There must be something in the air that pushes curators to explore themes of vulgarity, shocking, taste and scandal in fashion. Maybe because of our political contexts, is there an urge to remind spectators how a “revolution” can be imperative…Besides Judith Clark’s The Vulgar, Fashion Redefined, at the Barbican, in London, was proposed, here, in Paris, an exhibition dedicated to what has been considered scandalous in fashion from the 14th century to nowadays.

Tableau dedicated to intimate clothing worn as outerwear

With numerous objects, Tenue Correcte Exigée, quand le Vêtement Fait Scandale, held at the Arts Décoratifs, highlighted garments that shattered rules and ‘good taste’, should it be because they disturbed various religious, cultural and social bans, borrowed to the other sex’s wardrobe or enhanced a provocative aesthetic. Interestingly, the curator Denis Bruna decided to distinguish two point of views within a pedagogic, clear and playful scenography (still, I really dislike the light and glass panels in this museum).
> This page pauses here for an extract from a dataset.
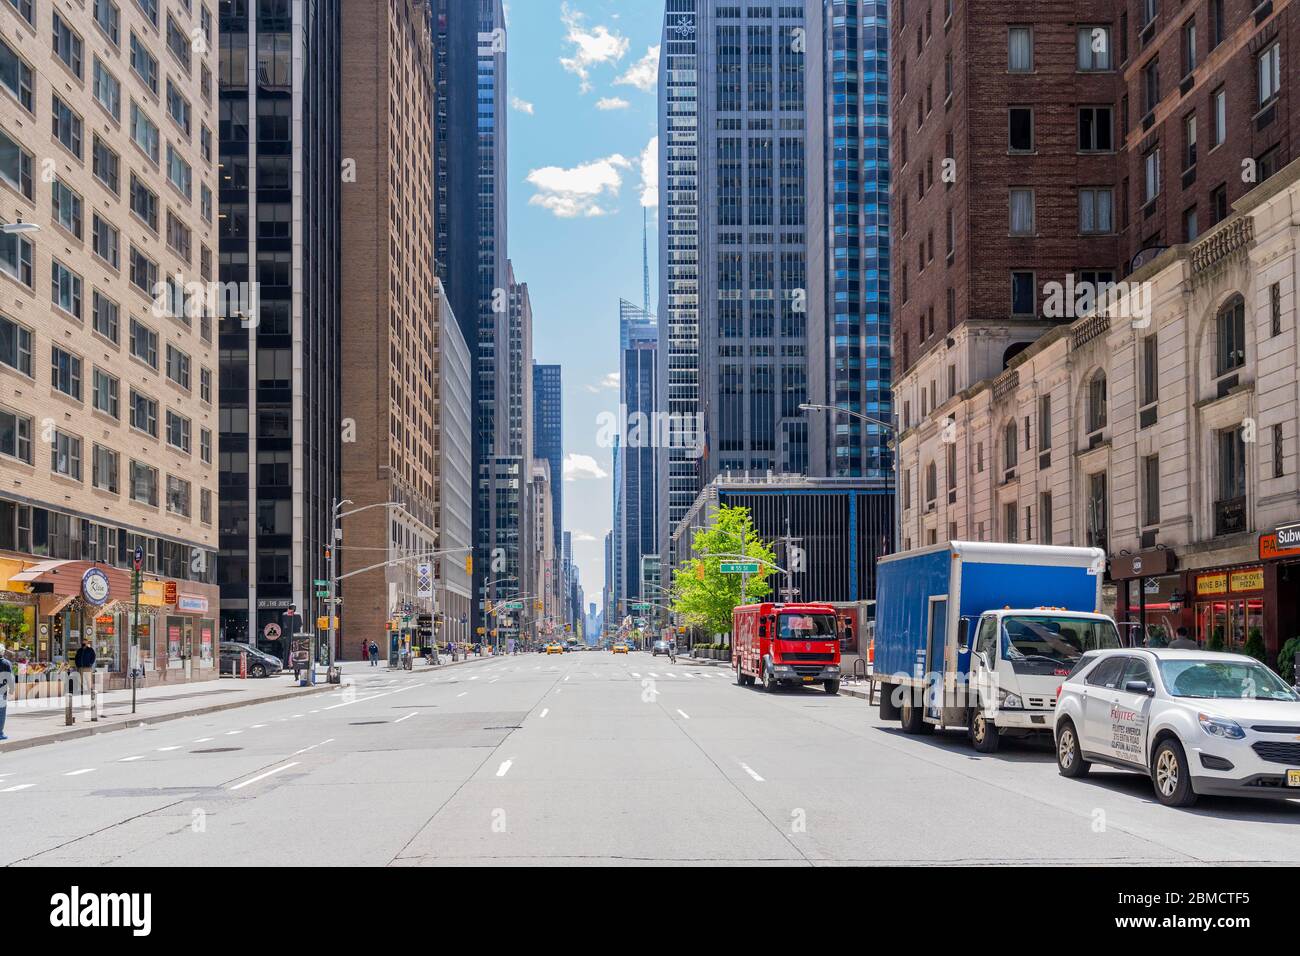 Manhattan, Nueva York - 7 de mayo de 2020: Calles inusualmente vacías de la Ciudad de Nueva York de la Sexta Avenida durante el brote pandémico de COVID-19. Foto de stock

On the first floor, he privileged a chronological and thematic route with elaborate contextualized tableaus identifying various fashion turmoils and their impacts on their eras, such as unusual wedding dresses, Marie-Antoinette’s shirt dress and other scandalous fashion choices at the court, the use of fur, bizarre headwear in the Medieval Ages, trousers for women…How society and culture imposed a uniforme dictated by the etiquette and later, bourgeois commandments that a few individuals fought. 

The second floor proposed a more synthetic exploration, focusing on the “too [much]”, the “TROP”: Too Short, Too Transparent, Too Tight, Too Plunging, Too Large...There, we could observe iconic pieces of clothing such as Yves Saint Laurent’s feminine smoking, Jean-Paul Gaultier’s skirt for men, but also trivial pieces that came against rooted trends (before turning into stylish inescapable fashion items) such as baggy trousers, mini skirts, bikinis…This time, society and politics were not in charge of establishing their guidelines but more that so-called ‘good taste’. Good taste held by fashion commentators, journalists that were, for example, shocked by John Galliano’s homeless inspired show for Christian Dior in 2000, another observation made by the exhibition: what is or not politically correct?

Too Short!

Nowadays, we have the tendency to believe that all is possible in fashion and we see celebrities wearing the most minimalist and transparent outfits on red carpets, girls bearing baggy jeans and boys bearing make-up…Yet, rules, should they be aesthetic, cultural and social, still dictate our outfits: what one must wear to work – in private and official contexts: not long ago, Cecile Duflot, our then Minister of Ecology underwent the most sexist and violent remarks when she decided to wear a summery flowered dress at the National Assembly – to a dinner party, a fashion show where guests tend to be at their most fashionable, knowing they will be inspected from head to toe by numerous media.

Because, although fashion has become more and more open-minded and creative in our Western societies, never have we been so scrutinized and exposed through social media…Proof is, today, following the MET Gala, as hundreds of magazines and blogs are dissecting the outfits of the glamorous celebrities that attended the party, commenting, mocking, celebrating, criticizing…delivering a firm opinion  that will stand as a resolute stylistic and aesthetic canon.